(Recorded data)

☆ ☆ ☆ ☆ ☆

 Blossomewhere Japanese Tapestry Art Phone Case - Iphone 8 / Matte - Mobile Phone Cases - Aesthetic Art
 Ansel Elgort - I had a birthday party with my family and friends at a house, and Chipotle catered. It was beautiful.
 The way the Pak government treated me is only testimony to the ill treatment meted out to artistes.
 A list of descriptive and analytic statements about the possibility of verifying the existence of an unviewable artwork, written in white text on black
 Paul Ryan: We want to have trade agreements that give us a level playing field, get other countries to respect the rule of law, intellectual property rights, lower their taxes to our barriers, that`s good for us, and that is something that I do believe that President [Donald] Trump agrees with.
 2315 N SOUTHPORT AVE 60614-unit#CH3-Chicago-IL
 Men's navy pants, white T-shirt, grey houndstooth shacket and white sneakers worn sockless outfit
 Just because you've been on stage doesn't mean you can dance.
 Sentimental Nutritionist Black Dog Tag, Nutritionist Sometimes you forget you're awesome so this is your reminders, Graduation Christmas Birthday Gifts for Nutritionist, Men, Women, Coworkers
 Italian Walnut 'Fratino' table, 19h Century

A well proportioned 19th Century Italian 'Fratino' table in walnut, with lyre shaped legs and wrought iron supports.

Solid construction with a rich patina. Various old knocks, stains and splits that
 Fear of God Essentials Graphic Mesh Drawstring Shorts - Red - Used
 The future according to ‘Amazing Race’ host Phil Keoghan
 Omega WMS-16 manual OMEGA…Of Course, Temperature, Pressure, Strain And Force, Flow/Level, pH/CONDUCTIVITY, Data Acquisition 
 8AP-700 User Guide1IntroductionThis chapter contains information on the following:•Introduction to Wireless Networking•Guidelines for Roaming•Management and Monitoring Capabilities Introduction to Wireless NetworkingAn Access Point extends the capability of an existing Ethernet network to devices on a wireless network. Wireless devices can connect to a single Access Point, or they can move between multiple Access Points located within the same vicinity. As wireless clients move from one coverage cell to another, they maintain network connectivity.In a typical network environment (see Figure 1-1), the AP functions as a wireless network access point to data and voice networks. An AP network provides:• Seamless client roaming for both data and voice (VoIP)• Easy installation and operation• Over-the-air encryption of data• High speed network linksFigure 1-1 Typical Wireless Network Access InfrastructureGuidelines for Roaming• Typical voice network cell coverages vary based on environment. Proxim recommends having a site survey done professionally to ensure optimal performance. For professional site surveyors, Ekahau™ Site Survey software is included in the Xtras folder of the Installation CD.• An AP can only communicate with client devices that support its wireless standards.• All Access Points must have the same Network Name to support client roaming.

☆ ☆ ☆ ☆ ☆

Which lines above run from the one containing "Italian Walnut 'Fratino' table, 19h Century" to the one containing "Omega WMS-16 manual"? Give them again exactly, both ends included.

== Exercise solution ==
 Italian Walnut 'Fratino' table, 19h Century

A well proportioned 19th Century Italian 'Fratino' table in walnut, with lyre shaped legs and wrought iron supports.

Solid construction with a rich patina. Various old knocks, stains and splits that
 Fear of God Essentials Graphic Mesh Drawstring Shorts - Red - Used
 The future according to ‘Amazing Race’ host Phil Keoghan
 Omega WMS-16 manual OMEGA…Of Course, Temperature, Pressure, Strain And Force, Flow/Level, pH/CONDUCTIVITY, Data Acquisition 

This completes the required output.